● Provided information

++++++++++++++++++++

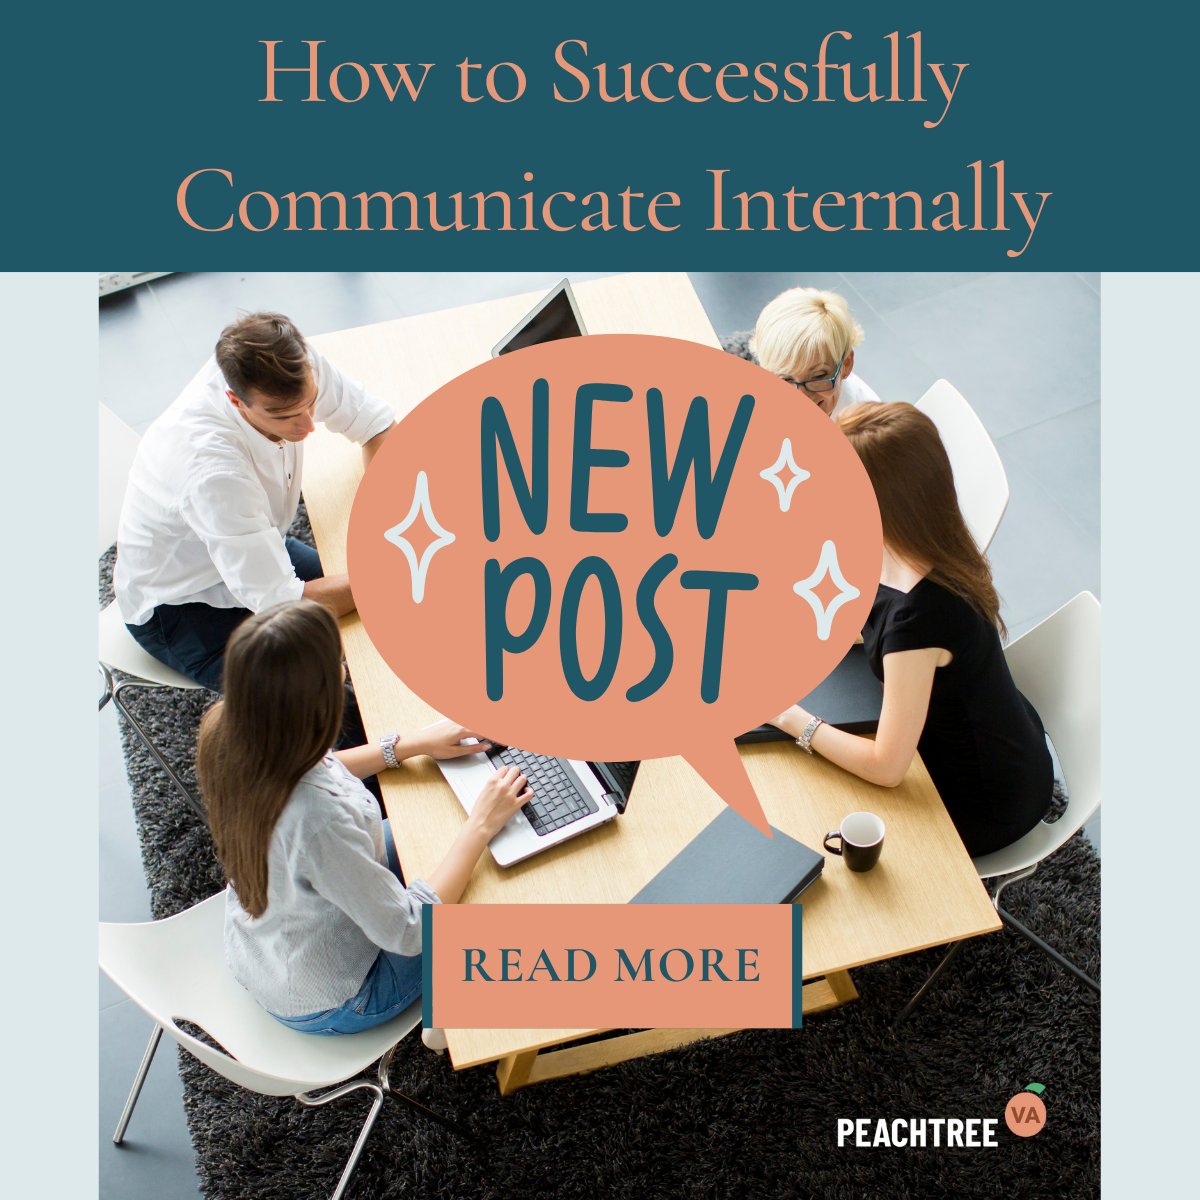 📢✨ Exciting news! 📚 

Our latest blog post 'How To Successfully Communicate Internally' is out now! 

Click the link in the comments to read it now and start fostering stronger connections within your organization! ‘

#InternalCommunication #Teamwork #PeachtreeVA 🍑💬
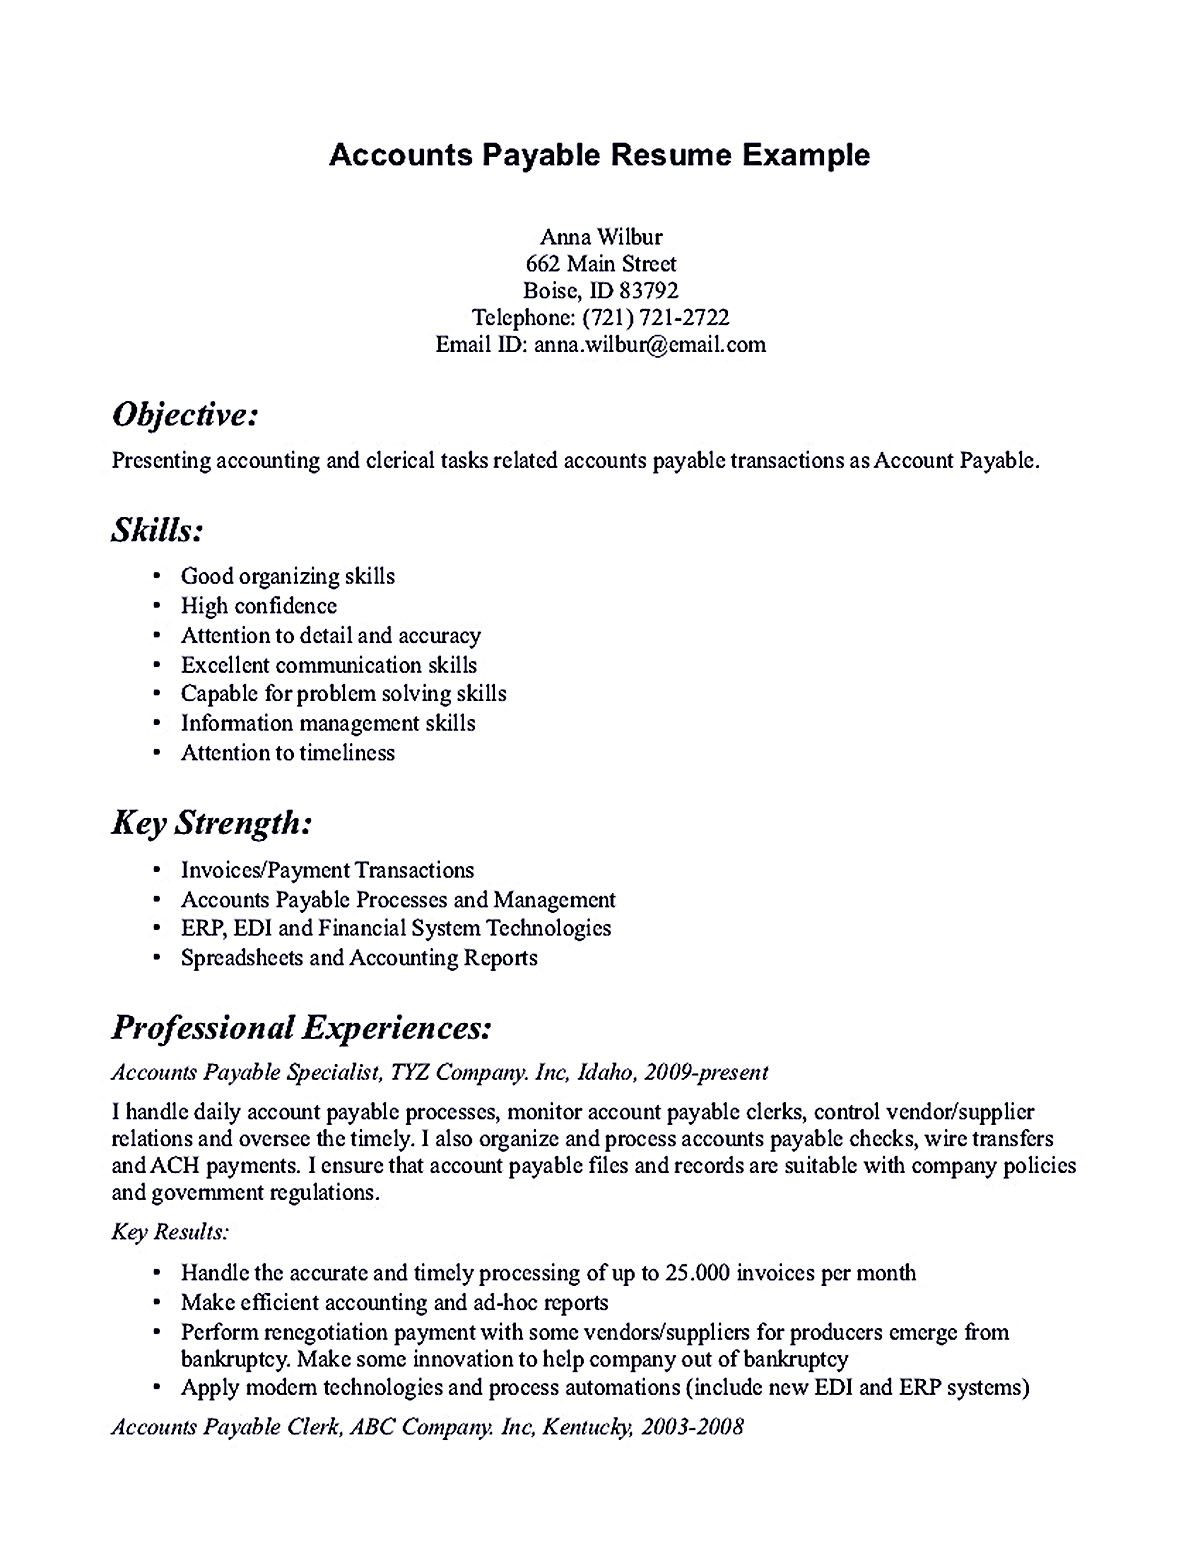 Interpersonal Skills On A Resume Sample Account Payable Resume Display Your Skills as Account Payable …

++++++++++++++++++++

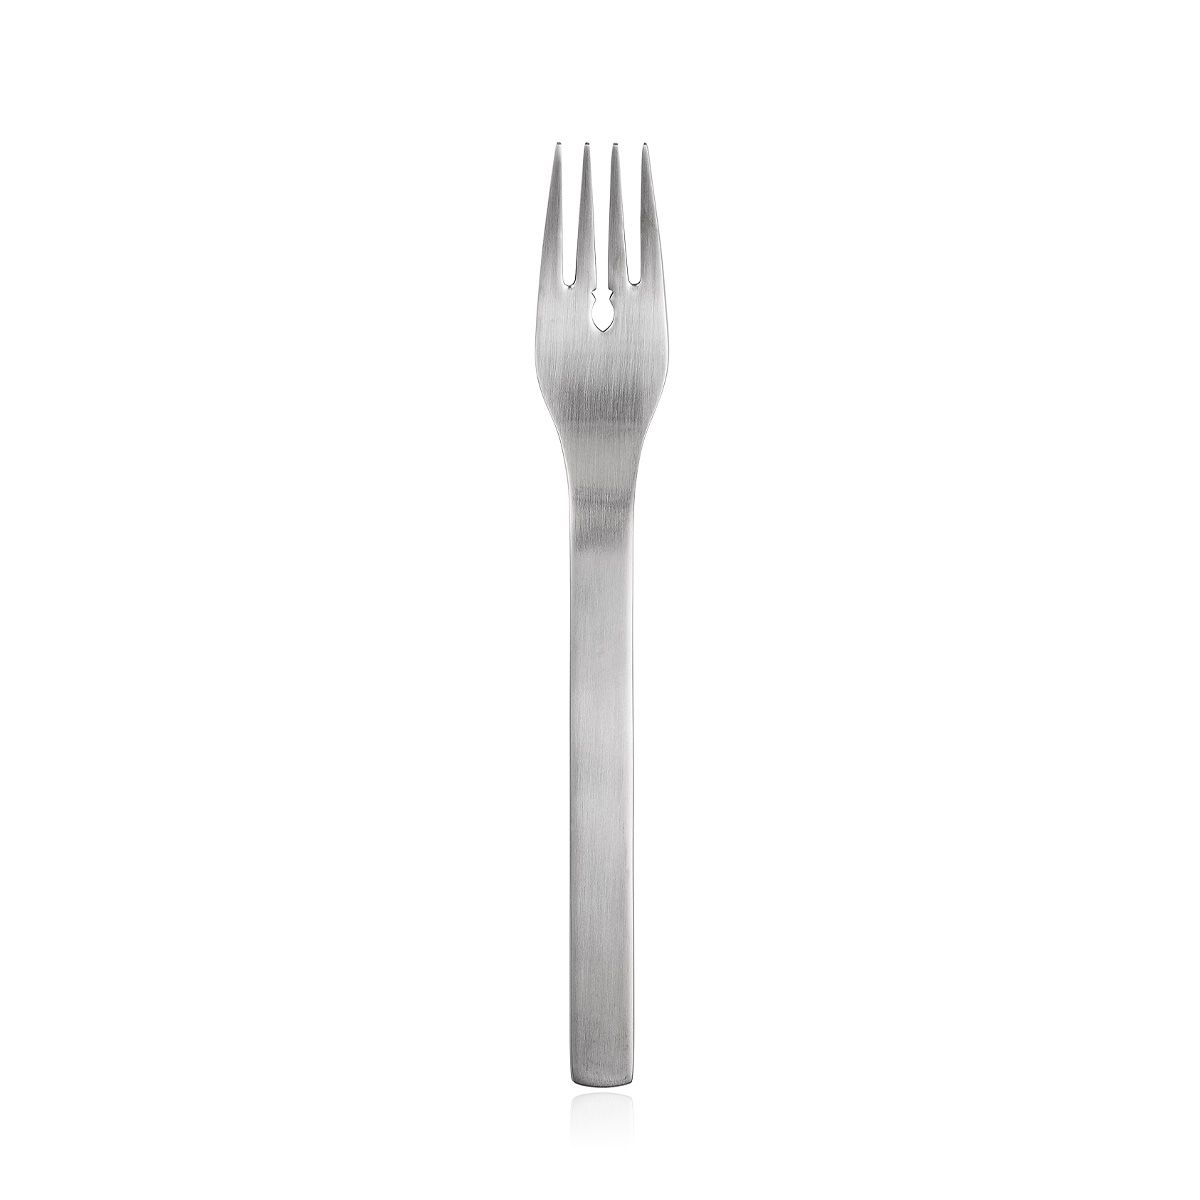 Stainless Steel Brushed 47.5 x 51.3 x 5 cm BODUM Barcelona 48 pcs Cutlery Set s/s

++++++++++++++++++++

● Action item
Take the lines above starting at the one containing "Click the link" and ending at the one containing "Interpersonal Skills On", and print them again exactly, without pictures.

● Result of the exercise
Click the link in the comments to read it now and start fostering stronger connections within your organization! ‘

#InternalCommunication #Teamwork #PeachtreeVA 🍑💬
 Interpersonal Skills On A Resume Sample Account Payable Resume Display Your Skills as Account Payable …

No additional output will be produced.